Prevent VS from checking out App.config from SourceSafe when I am making local changes to it - visual-studio-2010

I am working with a project (shared by a small team via SourceSafe source control) with four .config files in it:
App.config is the configuration file that is eventually used when the program is executed.
The other three files are essentially templates that I can quickly copy & paste into App.config.
App.Integration.config and App.Release.config are valid for all team members. For instance, it refers to integration or production database servers on the network.
App.Debug.config is a template with settings that are valid only for my machine, e.g. because it refers to my local copy of a development database.
Background: Why am I managing multiple configuration files manually?
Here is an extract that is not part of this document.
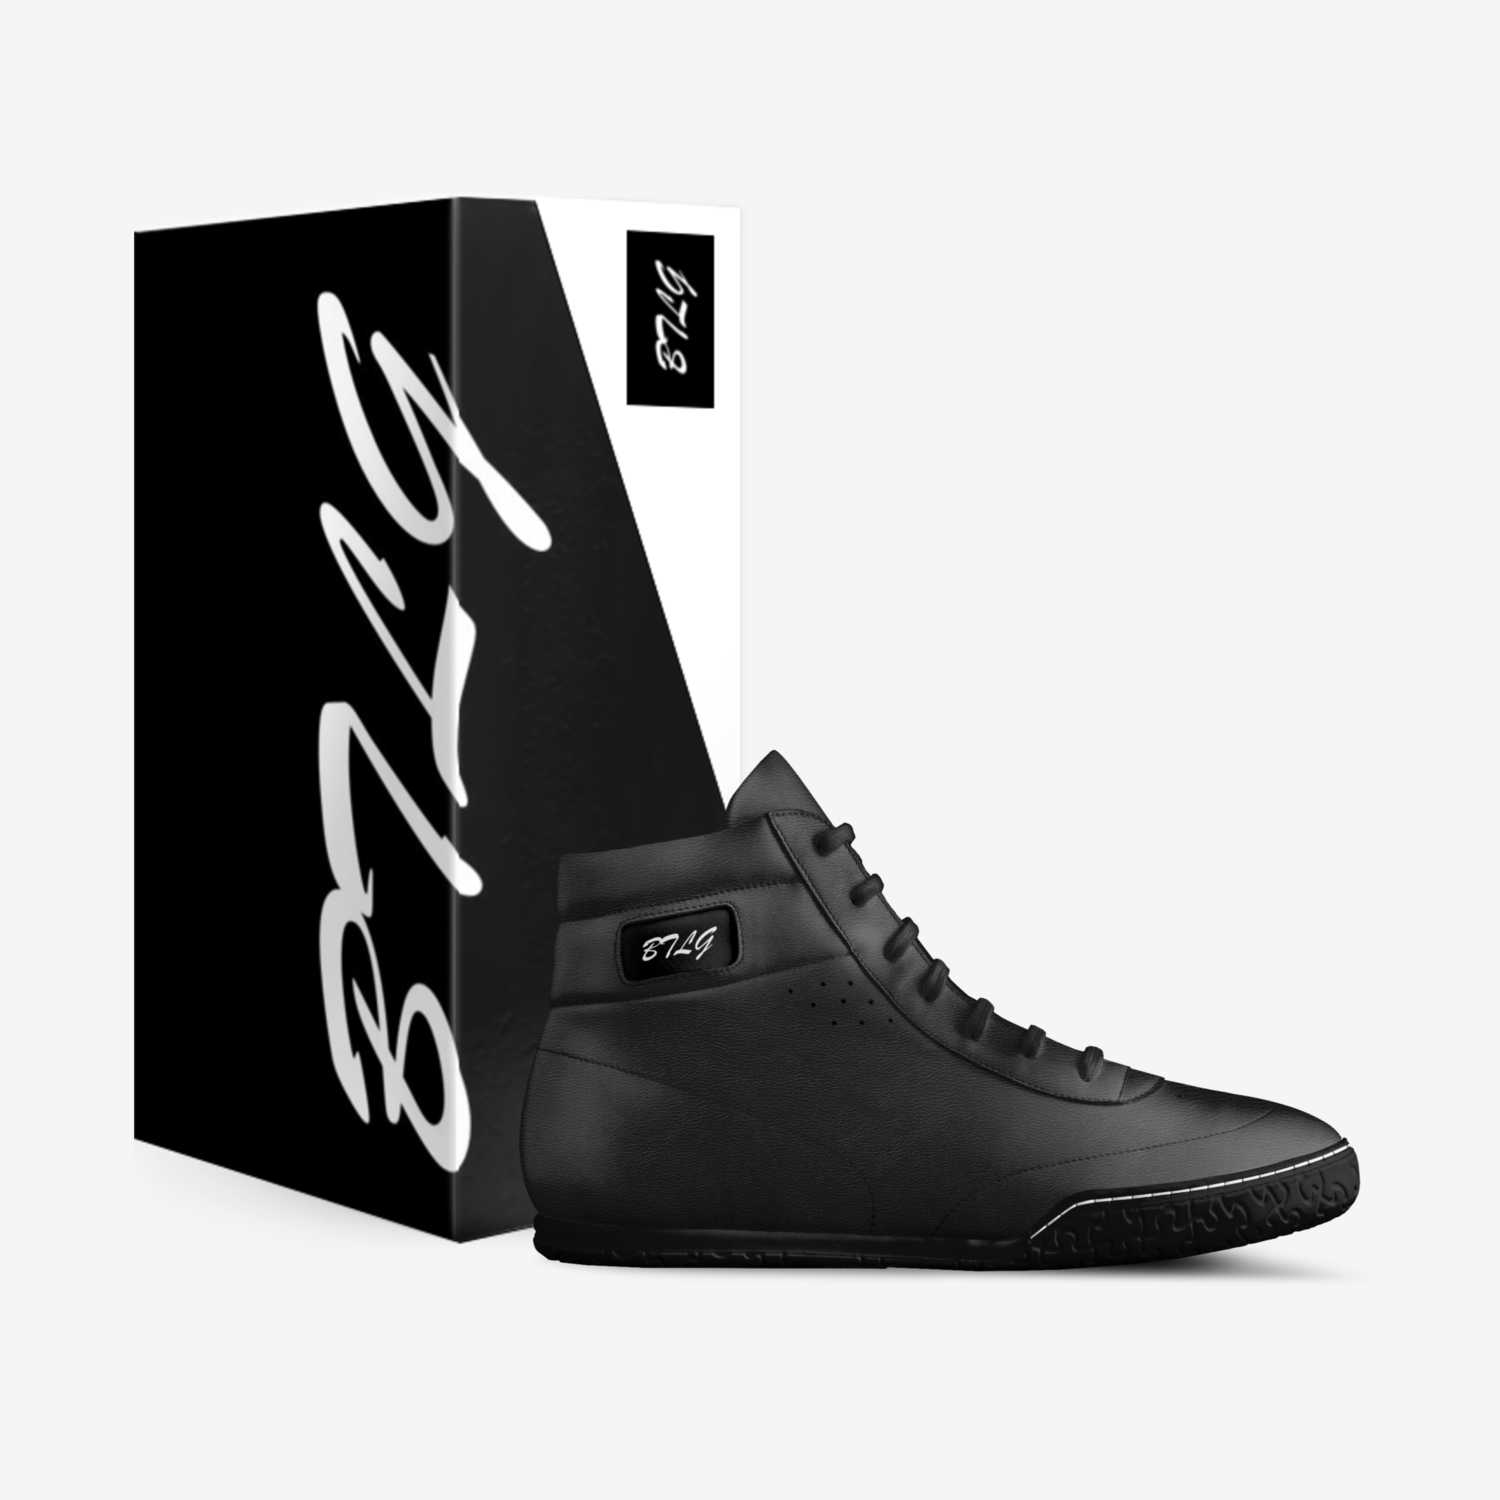 BTLG custom made in Italy shoes by Rob Lafata | Box view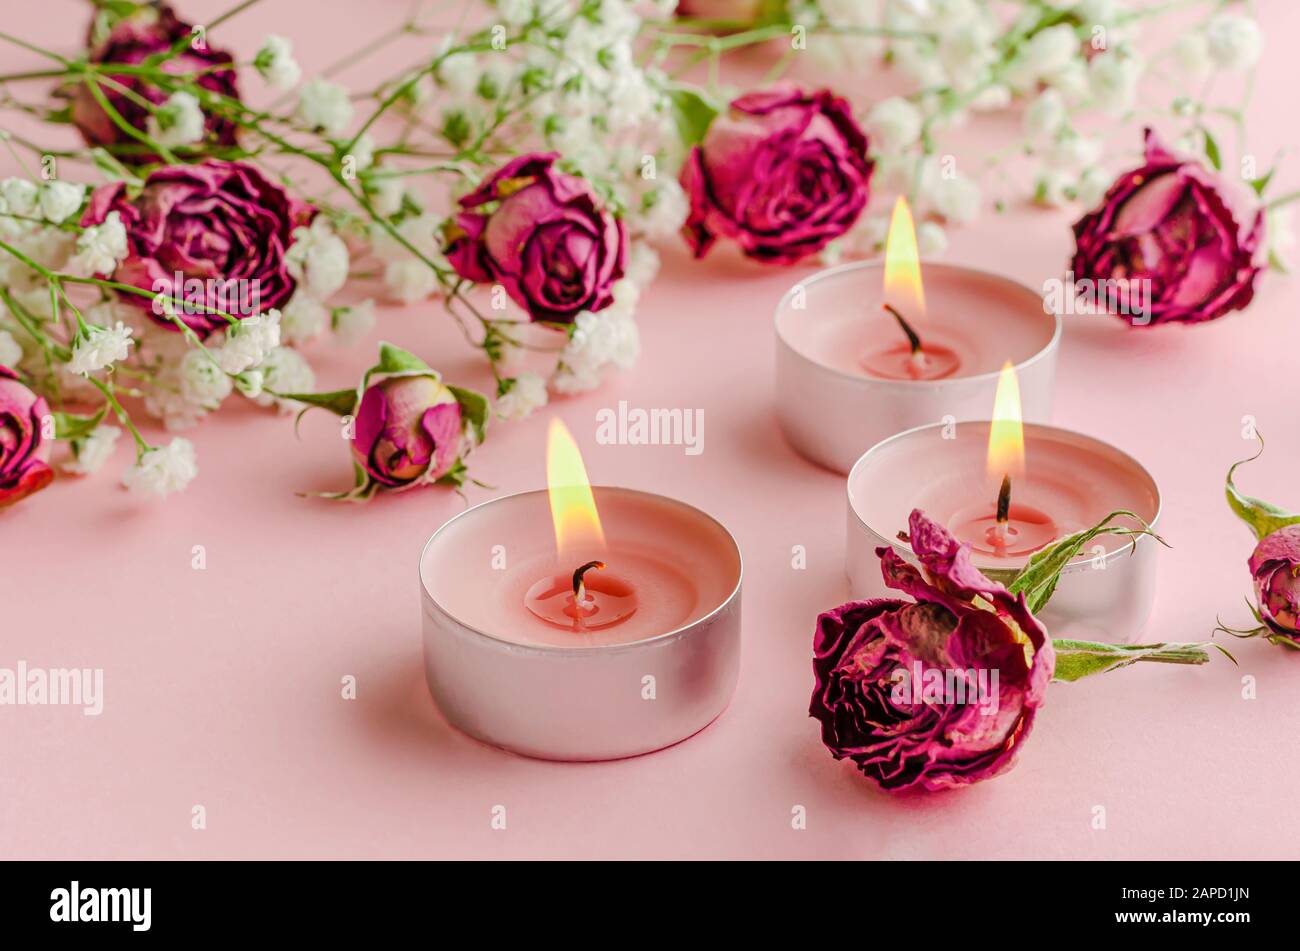 Burning aroma candles and dried roses on pink background. Aromatherapy and romance concept. Stock Photo

ASP.NET web projects automatically support multiple configuration files, but other project types don't. I also know that this could be automated by adding a custom MSBuild task to the project file; however, this might break or confuse later build steps, such as ClickOnce deployment.
Obviously, I do not want to check in "my" local version of App.Debug.config into SourceSafe, which is why I told Source Safe to ignore that file. For the same reason, I have SourceSafe ignore App.config, because that file is often going to be edited, e.g. when switching from the local configuration file to the integration environment's version. If everyone checked in their versions of these files, they would be seen by all other developers.
However, if I understand correctly, this leads to SourceSafe no longer keeping a copy of these files at all, so if someone checks out a fresh copy of the project, these two files will be missing.
Is there a way to have an "initial" copy of e.g. App.config in my SourceSafe repository, but at the same time prevent Visual Studio from checking out the file when it is locally edited by a developer?
Background: Why am I using SourceSafe at all? It's not my decision, and I can do nothing about it in the short term.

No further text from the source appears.